Una voce petulante la raggiunse all’ingresso. «Kate? Sei tu, Kate?» Ignorandola, salì di gran carriera sulle scale.
Volò fino alla camera da letto e aprì l’armadio, buttando all’aria sciarpe, cinture e borsette, in cerca di un oggetto in particolare. Si fermò. Eccola. La prese in mano, sentendo il freddo del raso sulle dita. Aprì la pochette con mani malferme, ne estrasse il programma della sera precedente e, lisciandolo con le dita, lo capovolse. Eccolo lì. Henry Levitte in un ritratto. Il dettaglio era molto piccolo. Lo portò vicino alla finestra. Sembrava simile, ma doveva esserne sicura, doveva esaminare l’originale. Corse giù per le scale e si lanciò fuori di casa, sentendo la voce irritata di Kevin alle sue spalle.
Avvicinandosi alle porte di vetro della White Box Gallery, Kate vide un grosso furgone bianco parcheggiato nelle vicinanze. Le parole sulla fiancata dicevano che apparteneva all’Istituto di arte e design di Margaret Street. Il furgone era controllato da vicino da una guardia di sicurezza.
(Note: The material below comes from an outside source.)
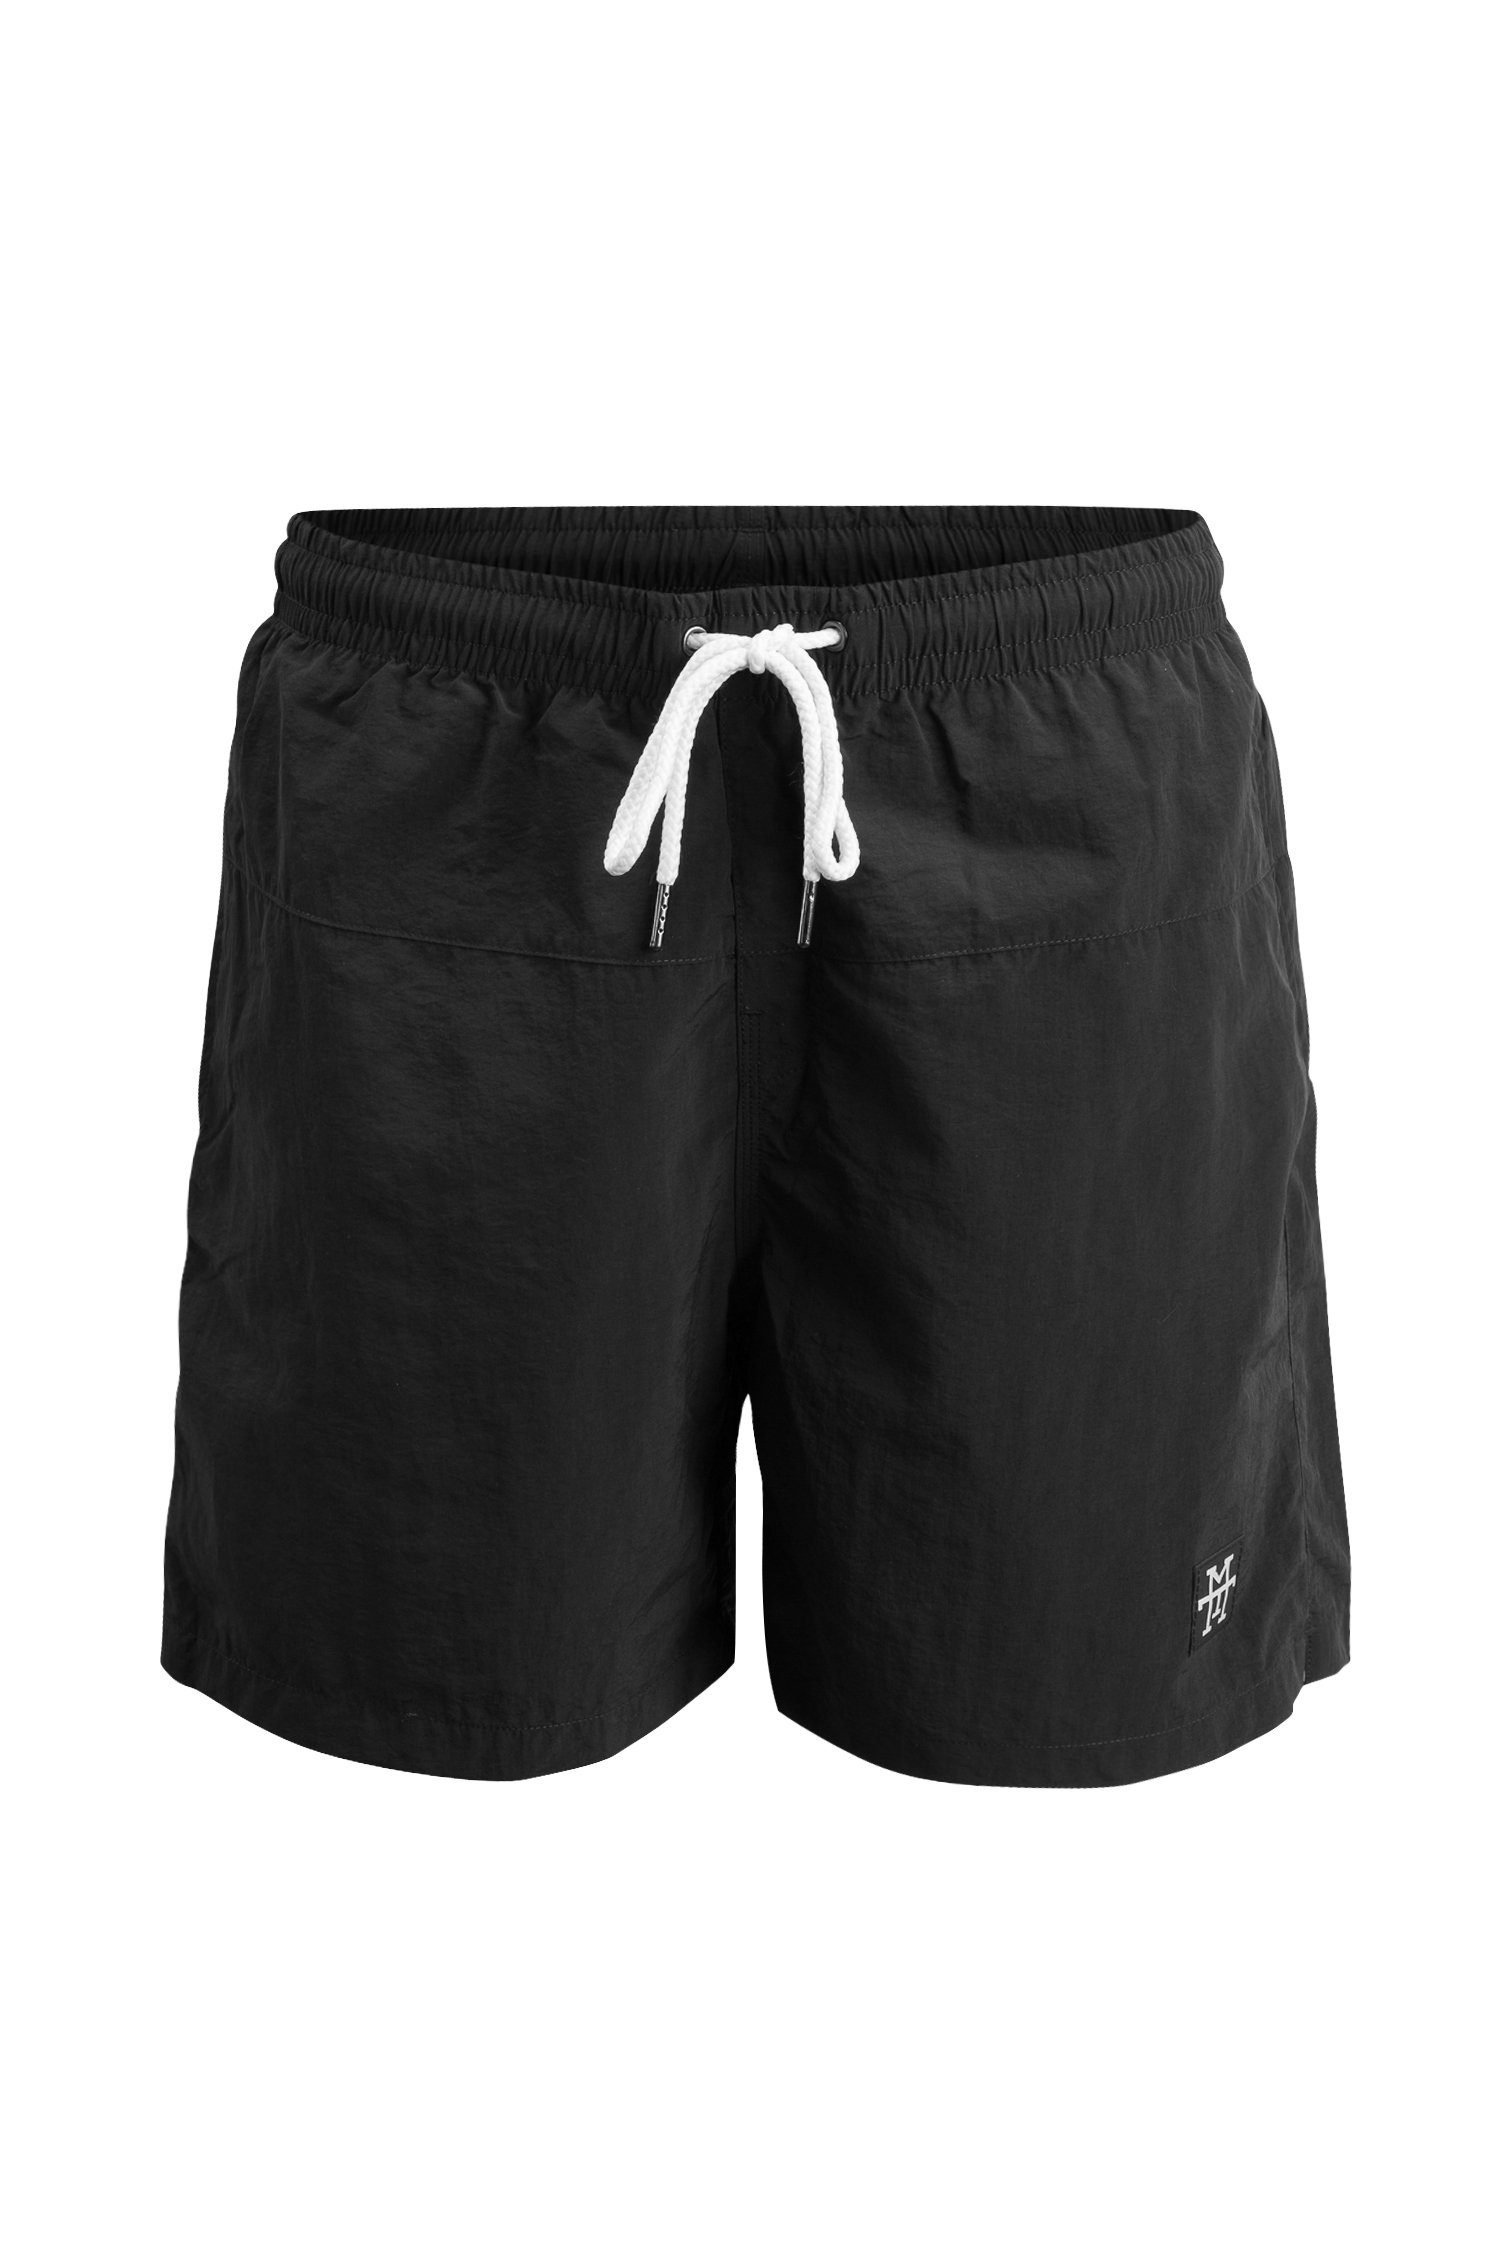 Manufaktur13 Badeshorts Swim Shorts - schnelltrocknend Out Black Badehosen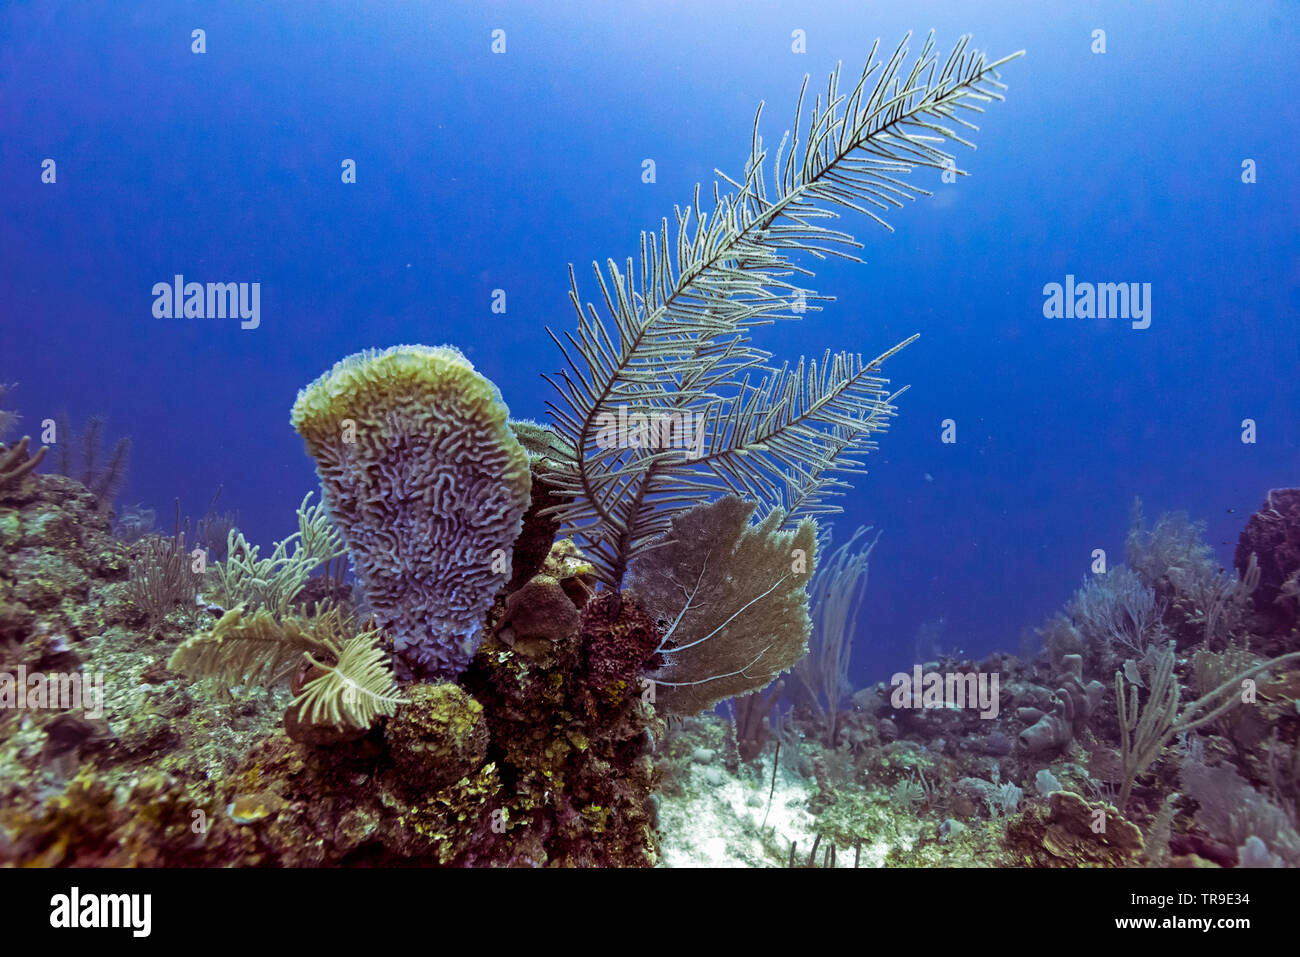 Coral reefs underwater, Belize Barrier Reef, Belize Stock Photo

Kate si diresse verso le porte aperte della galleria e fu bloccata da un uomo in uniforme. «Mi scusi, signora.» La guardò ostile da sotto il berretto, un braccio teso a sbarrarle la strada. Innervosita, Kate cercò il tesserino in borsa. Doveva entrare. Doveva vederlo. La guardia di sicurezza studiò in tutta calma il tesserino di Rose Road, senza impressionarsi. «Sta cercando qualcuno?» Lo sguardo di Kate passò in rassegna il pianterreno, vedendo che la maggior parte di ciò che c’era la sera precedente era in via di smantellamento. Le opere erano già sparite. Si morse il labbro. Perché la sera prima non se n’era accorta? Eri troppo occupata a non perdere la poca dignità che ti è rimasta. Grazie, gin tonic. Lanciò un’occhiata al furgone. «Stan, di Margaret Street. È qui?» Con un’aria ancora meno impressionata, la guardia sollevò il braccio. «Di sopra.»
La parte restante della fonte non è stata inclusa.